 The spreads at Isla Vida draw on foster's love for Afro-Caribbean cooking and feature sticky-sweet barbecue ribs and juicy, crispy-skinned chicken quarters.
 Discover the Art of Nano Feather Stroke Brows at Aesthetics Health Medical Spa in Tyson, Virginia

★ ★ ★

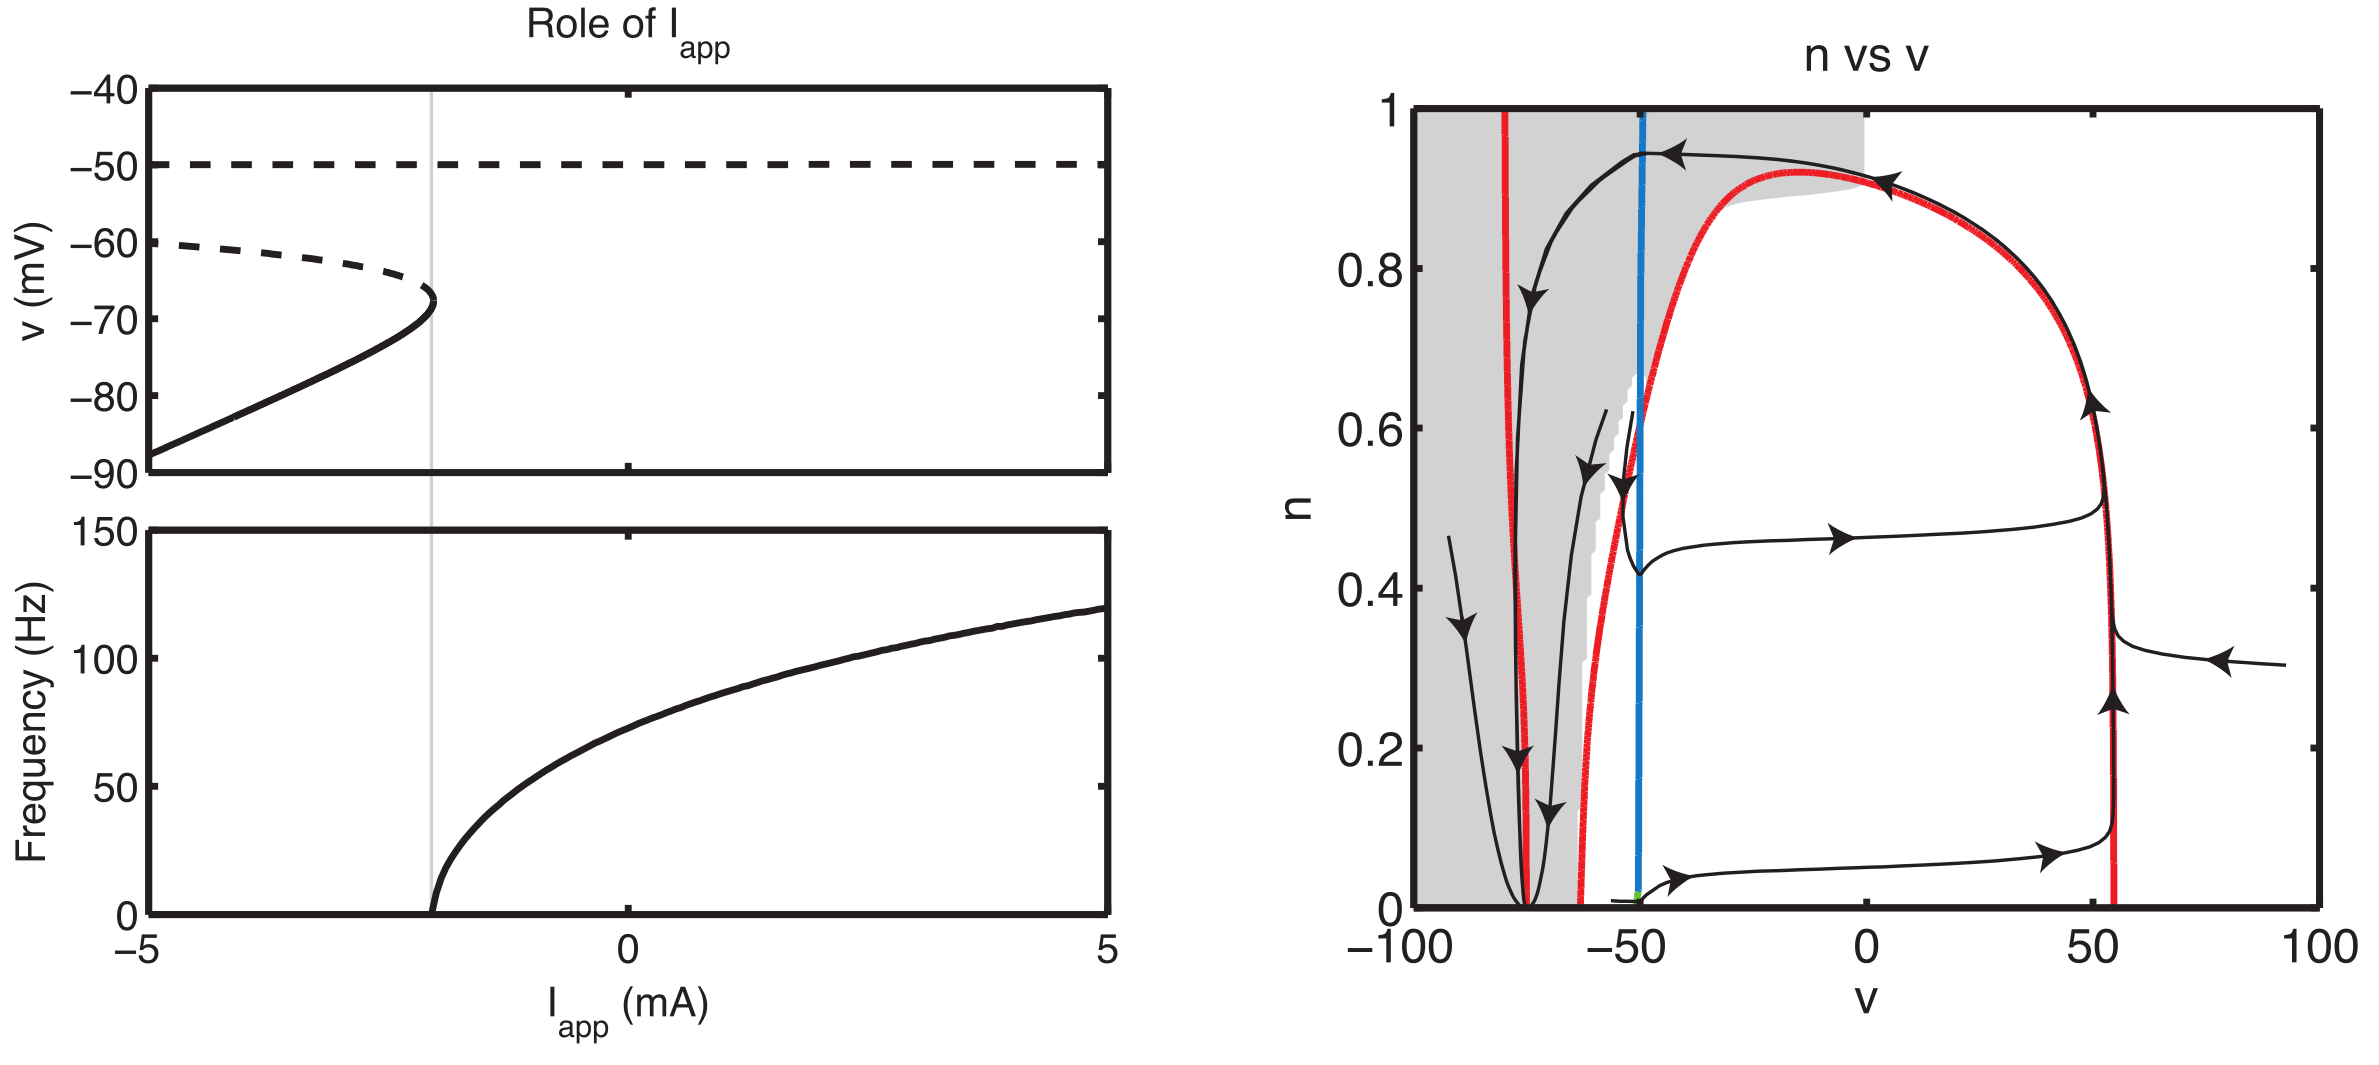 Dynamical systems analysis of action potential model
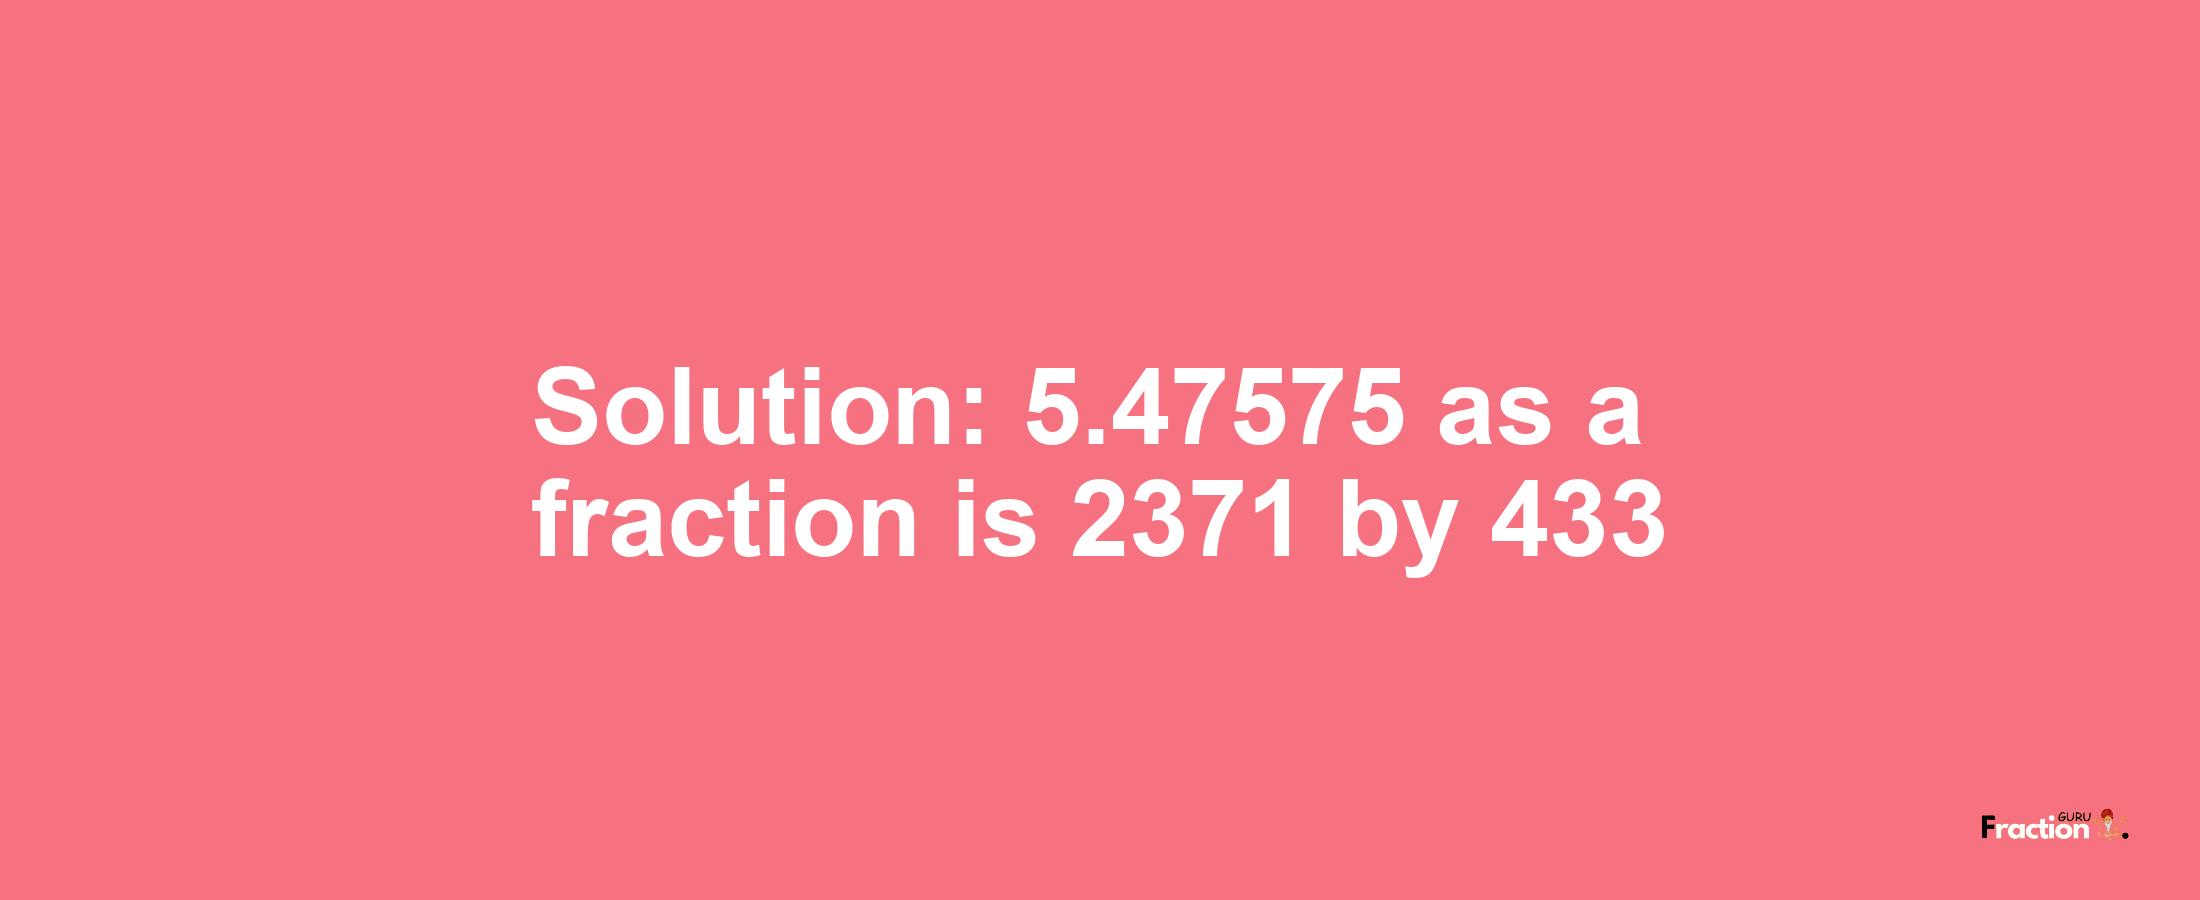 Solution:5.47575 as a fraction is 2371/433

★ ★ ★

:: Exercise requirements ::
Retype the records above, but only those lines that fall between the line containing "The spreads at" and the line containing "Discover the Art", with both of those lines included, exactly as written.

:: Output for this task ::
 The spreads at Isla Vida draw on foster's love for Afro-Caribbean cooking and feature sticky-sweet barbecue ribs and juicy, crispy-skinned chicken quarters.
 Discover the Art of Nano Feather Stroke Brows at Aesthetics Health Medical Spa in Tyson, Virginia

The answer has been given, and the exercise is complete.